JPH0675223B2 - Automatic charger cleaning device - Google Patents

Description

TECHNICAL FIELD The present invention relates to an automatic charger cleaning device applied to an image forming apparatus including an image forming process such as a copying machine.

(Prior Art) The charger of a copying machine is installed in an environment where it is easily contaminated by developer dust. If the discharge wire becomes dirty, its discharge characteristics will change and the image forming conditions will be deteriorated, so that an appropriate image cannot be obtained.

Therefore, various measures have been taken to prevent the charger from becoming dirty.

As a conventional technique for preventing stains on the charger, there are many measures for scattering developer dust that causes stains, but the effect is small. In the anti-scattering technique, a suction device or the like is indispensable in order to increase its effect, but for that purpose, the device itself becomes large and the cost is high.

Further, as a means for directly cleaning the discharge wire, there is a means for cleaning by installing a cleaning pad and manually inserting / removing the charger to bring the cleaning pad into contact with the discharge wire. Since maintenance has to be performed regularly, there are drawbacks such as high maintenance costs.

(Purpose) The present invention solves the above-mentioned drawbacks of the conventional example, the discharge wire is automatically cleaned, and an abnormal cleaning operation can be detected before the start of image formation. The purpose is to prevent.

(Structure) To this end, the present invention provides a drive wire, a cleaning member such as a cleaning pad fixed to the drive wire and slidably contacting the discharge wire of the charger, a drive motor for reciprocating the cleaning member, and In an automatic charger cleaning device of an image forming apparatus having a motor lock detection means for detecting the restraint state of the drive motor and outputting a restraint signal, the above-mentioned automatic charger cleaning device for an image forming apparatus is set within a preset time before initial image formation.
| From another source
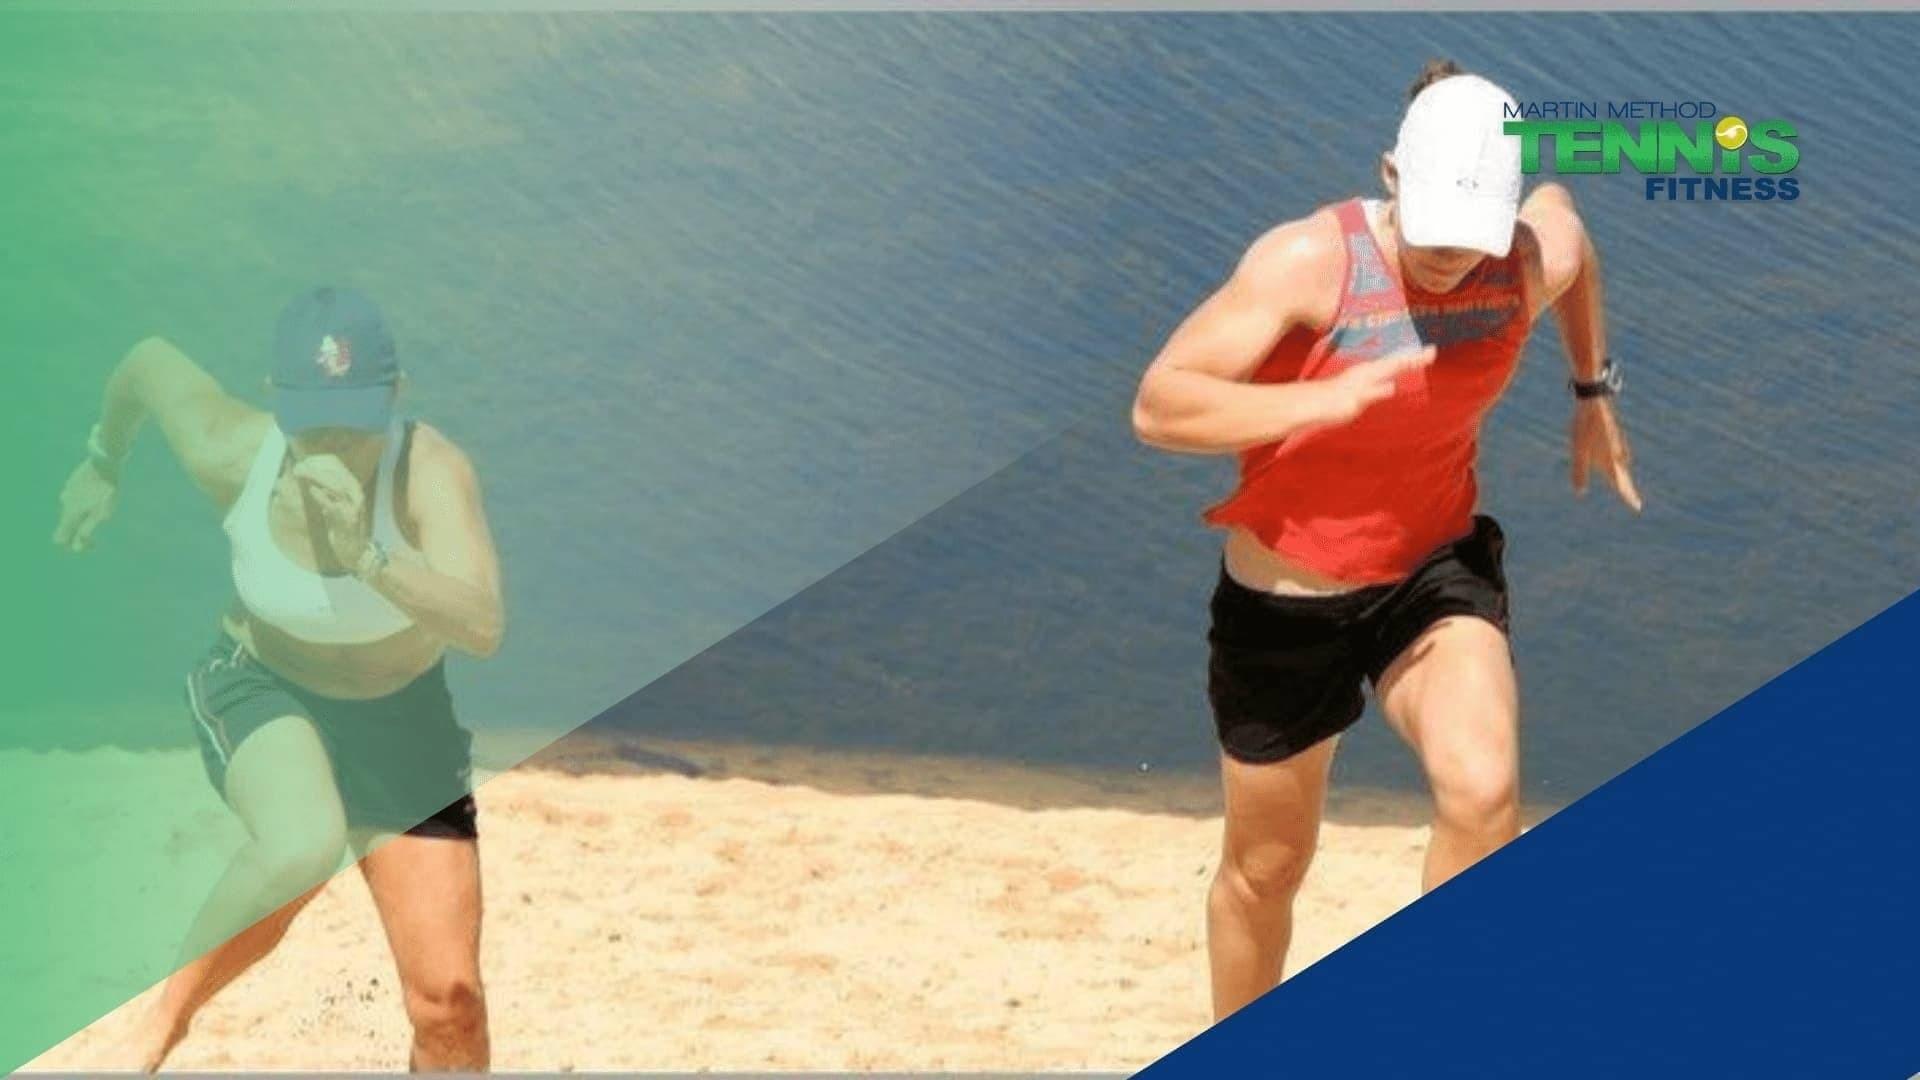 tennis-aerobic-conditioning-training

If the restraint signal does not occur, or if the restraint signal occurs for a set time or more immediately after the forward rotation signal for forward movement of the cleaning member and the reverse rotation signal for backward movement are output,
Alternatively, when the difference between the forward movement time and the backward movement time of the cleaning member is equal to or longer than the set time, the cleaning operation is stopped as an operation abnormality, the image forming operation is prohibited, and the abnormality is displayed.

Hereinafter, the configuration of the present invention will be described based on the illustrated embodiments.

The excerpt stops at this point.